Le projet ne prétend pas rivaliser avec GPT-4 ou Claude. Il s'agit d'un outil pédagogique et expérimental. Karpathy le décrit comme "le meilleur ChatGPT que 100 dollars peuvent acheter". Le code source représente environ 8 000 lignes (réduit à environ 1 000 lignes pour le noyau), écrit principalement en Python (75,8 %), avec du Jupyter Notebook (17,2 %), du HTML (3,9 %) et du Shell (3,1 %).
Le script central, speedrun.sh, lance l'intégralité du cycle d'entraînement et d'inférence en une seule commande. C'est cette simplicité qui fait la force du projet.
La première étape consiste à convertir le texte brut en tokens, ces unités numériques que le modèle peut traiter. Nanochat utilise un tokenizer BPE (Byte Pair Encoding) personnalisé, écrit en Rust pour la performance. Cette étape est souvent négligée dans les tutoriels, mais Karpathy la rend transparente et modifiable.
Le modèle est pré-entraîné sur le dataset FineWeb-EDU, composé de 1 822 shards de données mélangés aléatoirement, chacun pesant environ 100 Mo. Les versions plus récentes du projet ont basculé vers le dataset NVIDIA ClimbMix, qui offre de meilleurs résultats pour un coût similaire. Le pré-entraînement constitue l'essentiel du temps de calcul.
Après le pré-entraînement, le modèle passe par une phase de mid-training sur les données de chat Smoltalk+, qui ne prend qu'une dizaine de minutes. Vient ensuite le fine-tuning supervisé (SFT) qui transforme le modèle de base en un assistant conversationnel capable de répondre à des questions.
Une étape optionnelle de Reinforcement Learning (RL) permet d'affiner les réponses du modèle. Nanochat intègre également des benchmarks d'évaluation comme HumanEval (pour le code) et GSM8K (pour les mathématiques), permettant de mesurer objectivement les progrès du modèle à chaque étape.
Le pipeline se termine par une interface web de style ChatGPT, permettant d'interagir avec le modèle entraîné directement dans un navigateur. Le résultat final est un chatbot fonctionnel, construit de zéro.
Nanochat propose trois niveaux de profondeur, chacun offrant un rapport coût/performance différent :
Niveau | Coût | Durée | Paramètres | Capacité |
|---|---|---|---|---|
Kindergarten (défaut) | ~100 $ | 4 heures | 1,9 milliard | Chatbot basique, réponses simples |
GPT-2 grade | ~300 $ | 12 heures | 1,9 milliard (depth 26) | Surpasse GPT-2 sur le benchmark CORE |
Advanced | ~1 000 $ | À venir | À définir | Plus cohérent et plus capable |
Le premier niveau, baptisé "Kindergarten", produit un chatbot fonctionnel mais limité.
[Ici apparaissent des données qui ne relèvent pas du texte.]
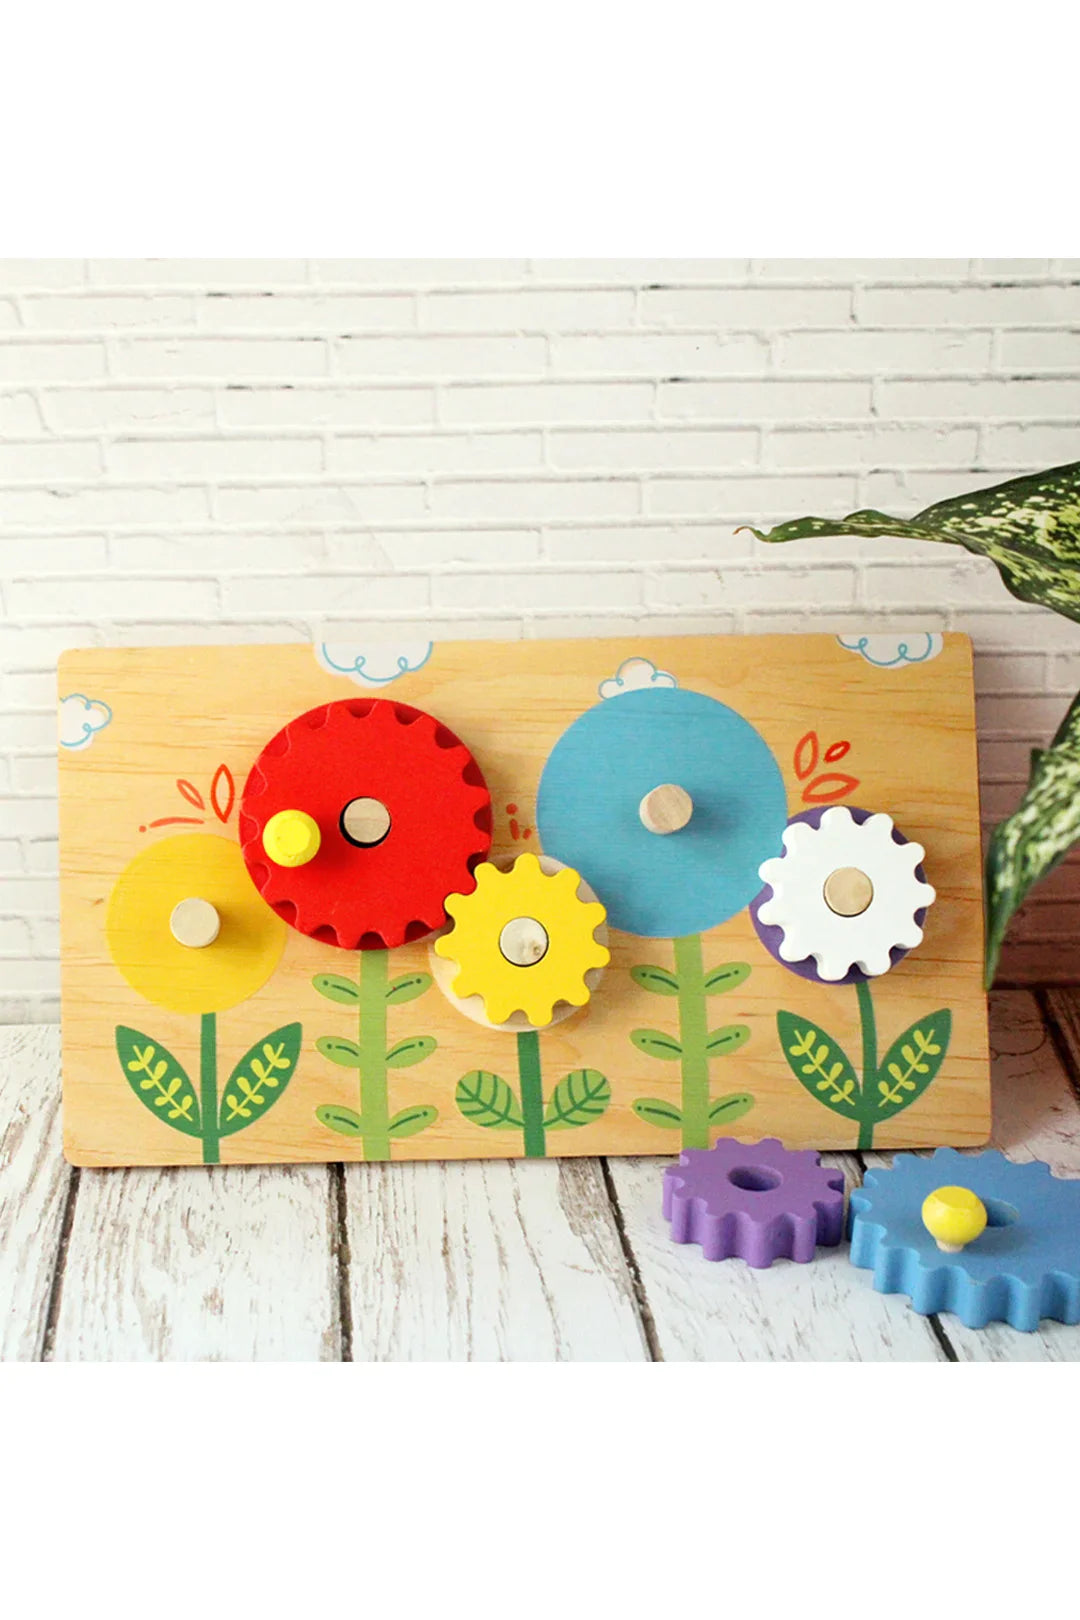 Flower Garden Wooden Gear Toy

Il peut tenir une conversation simple, répondre à des questions de culture générale, mais il hallucine fréquemment et manque de nuance. Le deuxième niveau, à 300 dollars, est nettement plus impressionnant : il dépasse les performances de GPT-2, le modèle qui avait fait sensation lors de sa publication par OpenAI en 2019. Le troisième niveau, à 1 000 dollars, est encore en développement.
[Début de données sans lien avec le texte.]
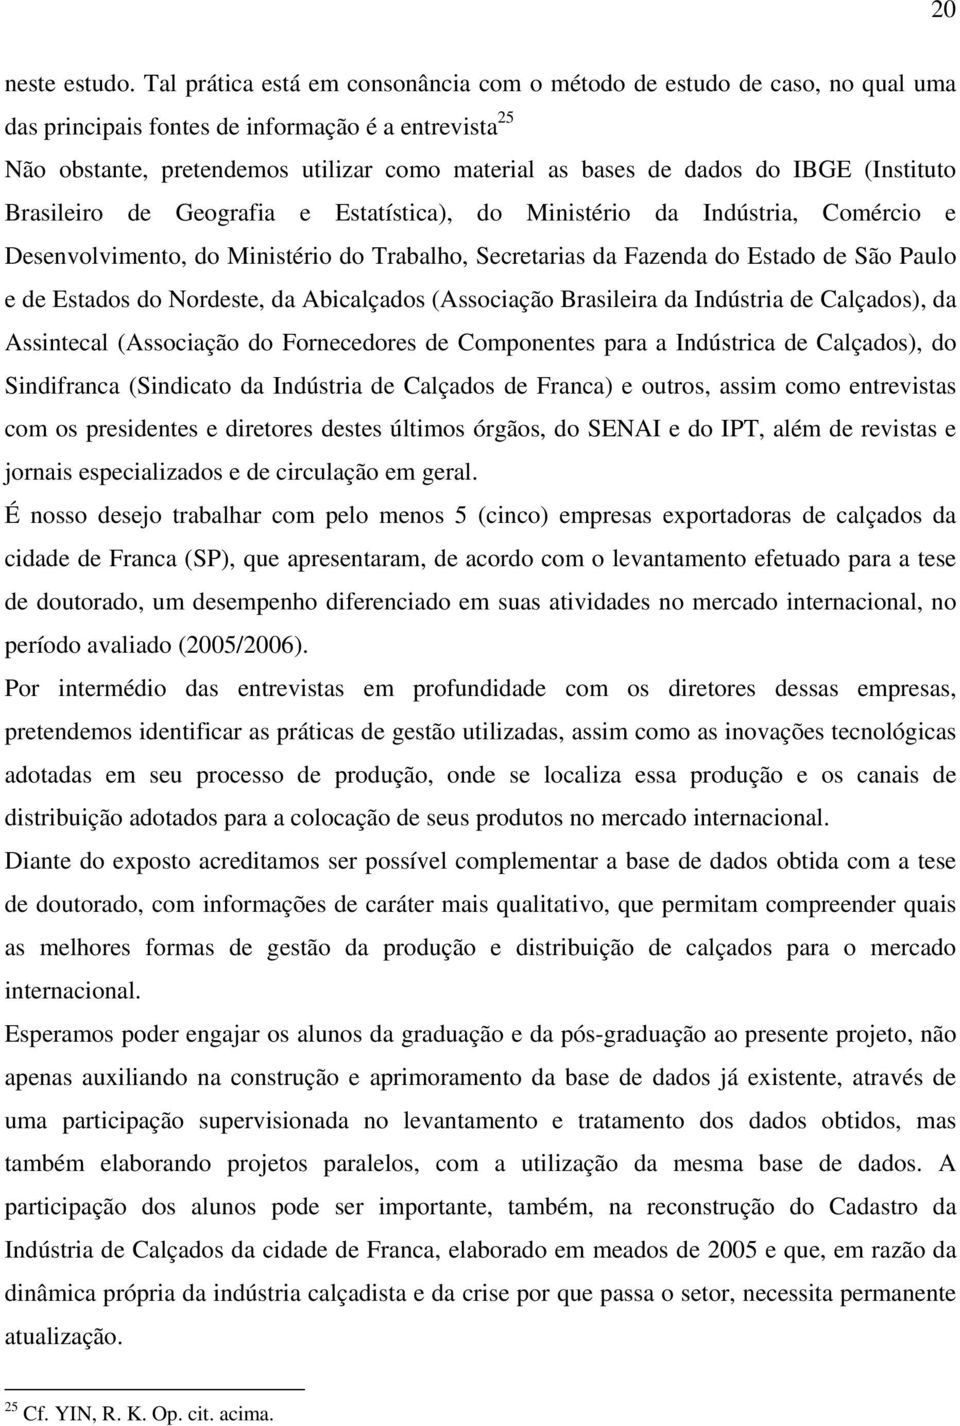 IBGE (Instituto Brasileiro de Geografia e Estatística), do Ministério da Indústria, Comércio e Desenvolvimento, do Ministério do Trabalho, Secretarias da Fazenda do Estado de São Paulo e de Estados

C'est la grande nouveauté de mars 2026 et probablement l'aspect le plus révolutionnaire du projet. Les 7, 8 et 9 mars, Karpathy a publié une série de tweets et un dépôt GitHub dédié à "autoresearch" : un système où des agents IA optimisent de manière autonome l'entraînement de nanochat.
Le principe est élégant. Au lieu qu'un chercheur humain teste manuellement des modifications de l'architecture, des hyperparamètres ou du pipeline de données, un agent IA effectue ces itérations automatiquement. Chaque "point" dans les résultats représente un entraînement de 5 minutes. En deux jours, le système a réalisé plus de 700 modifications de manière autonome.
Les résultats publiés le 9 mars sont remarquables. Karpathy a laissé tourner autoresearch pendant deux jours sur un modèle de profondeur 12 (depth=12). Le système a trouvé environ 20 modifications qui ont amélioré la loss de validation. Le résultat le plus frappant : le temps nécessaire pour atteindre le niveau GPT-2 est passé de 2,02 heures à 1,80 heure, soit une amélioration d'environ 11 %. Ces optimisations avaient été manquées par les chercheurs humains.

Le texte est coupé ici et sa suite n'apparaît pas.